LDPC Channel Encoding with Variable Block Sizes and Rates
Find Innovative SolutionsGenerate Solutions
Solution Overview
Problem
Current LDPC code designs face challenges in supporting various input lengths and coding rates, particularly for short information word lengths and fixed coding rates, due to limitations in lifting methods and trapping set characteristics.
Innovation Solution
The proposed method involves designing LDPC codes using a lifting technique and considering trapping set characteristics, with a channel encoding method that identifies a block size and shift value sequence for LDPC encoding and decoding, employing a permutation matrix of size ZXZ, where the shift value sequence is predetermined for circular shifts, to support variable lengths and rates.

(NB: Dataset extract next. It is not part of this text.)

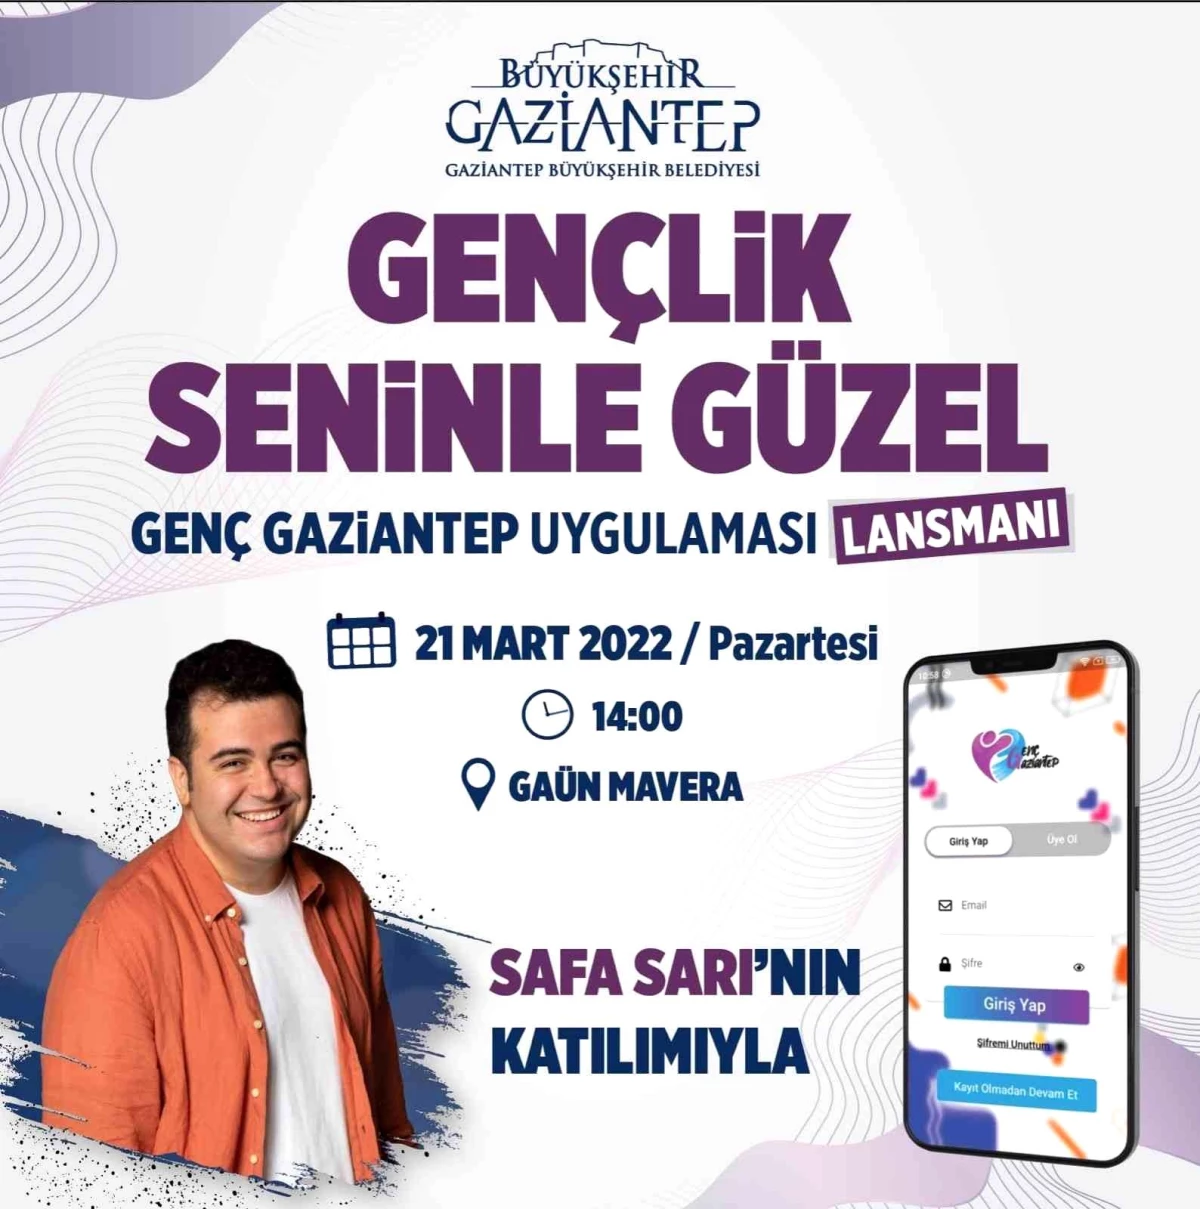 Gençlere özel mobil uygulama: "Genç Gaziantep"

Engineering Contradictions & Design Principles
Engineering Contradiction Analysis
1Adaptability or versatility
If conventional LDPC code designs are used, then implementation is straightforward, but they cannot support various input lengths and coding rates effectively
Solution Approach 1:
The patent creates a universal LDPC code design that can handle multiple input lengths and coding rates through a single base matrix structure. The base matrix with carefully designed column weights and trapping set characteristics serves as a universal foundation that adapts to different communication requirements without requiring separate code designs for each scenario.
Solution Approach 2:
The patent enables adaptability by changing parameters such as the lifting size and selecting different column subsets from the base matrix. By varying these parameters, the same base matrix can generate LDPC codes suitable for different input lengths and coding rates, achieving versatility through parameter adjustment rather than structural redesign.
2Adaptability or versatility
If lifting methods are used to support variable lengths, then code flexibility increases, but trapping set characteristics deteriorate
Solution Approach 1:
The patent applies preliminary action by pre-designing the base matrix with optimal trapping set characteristics before the lifting process. The column weights and connections are carefully arranged in advance to minimize trapping sets, ensuring that even after lifting to support variable lengths, the fundamental reliability properties are preserved.
Solution Approach 2:
The patent applies local quality by ensuring that different parts of the base matrix have optimized local structures. Specific columns are designed with particular weight distributions and connection patterns that locally minimize trapping sets, while the overall matrix maintains flexibility for various lifting operations. This local optimization ensures reliability is maintained across the entire code structure.
3Reliability
If dedicated LDPC codes are designed for short information words, then error correction performance improves, but design complexity increases
Solution Approach 1:
The patent applies segmentation by dividing the code structure into a base matrix and multiple lifted versions. The base matrix contains the essential error correction properties optimized for short information words, while the lifting operation segments the generation of different code lengths from this unified foundation. This reduces design complexity compared to creating entirely separate codes for each length.
Solution Approach 2:
The patent uses copying by creating multiple instances of the optimized base matrix structure through the lifting operation. Rather than designing separate dedicated codes for each short information word length, the same optimized structural patterns are copied and scaled through lifting, maintaining error correction performance while reducing overall design complexity.
Data Source
Figure 1~2
Figure 3a
Figure 3b
AI summary
A pre-5th-generation (pre-5G) or 5G communication system for supporting higher data rates beyond a 4th-generation (4G) communication system, such as long term evolution (LTE) is provided. A channel encoding method in a communication or broadcasting system includes identifying an input bit size, determining a block size (Z), determining a low density parity check (LDPC) sequence to perform LDPC encoding, and performing the LDPC encoding based on the LDPC sequence and the block size.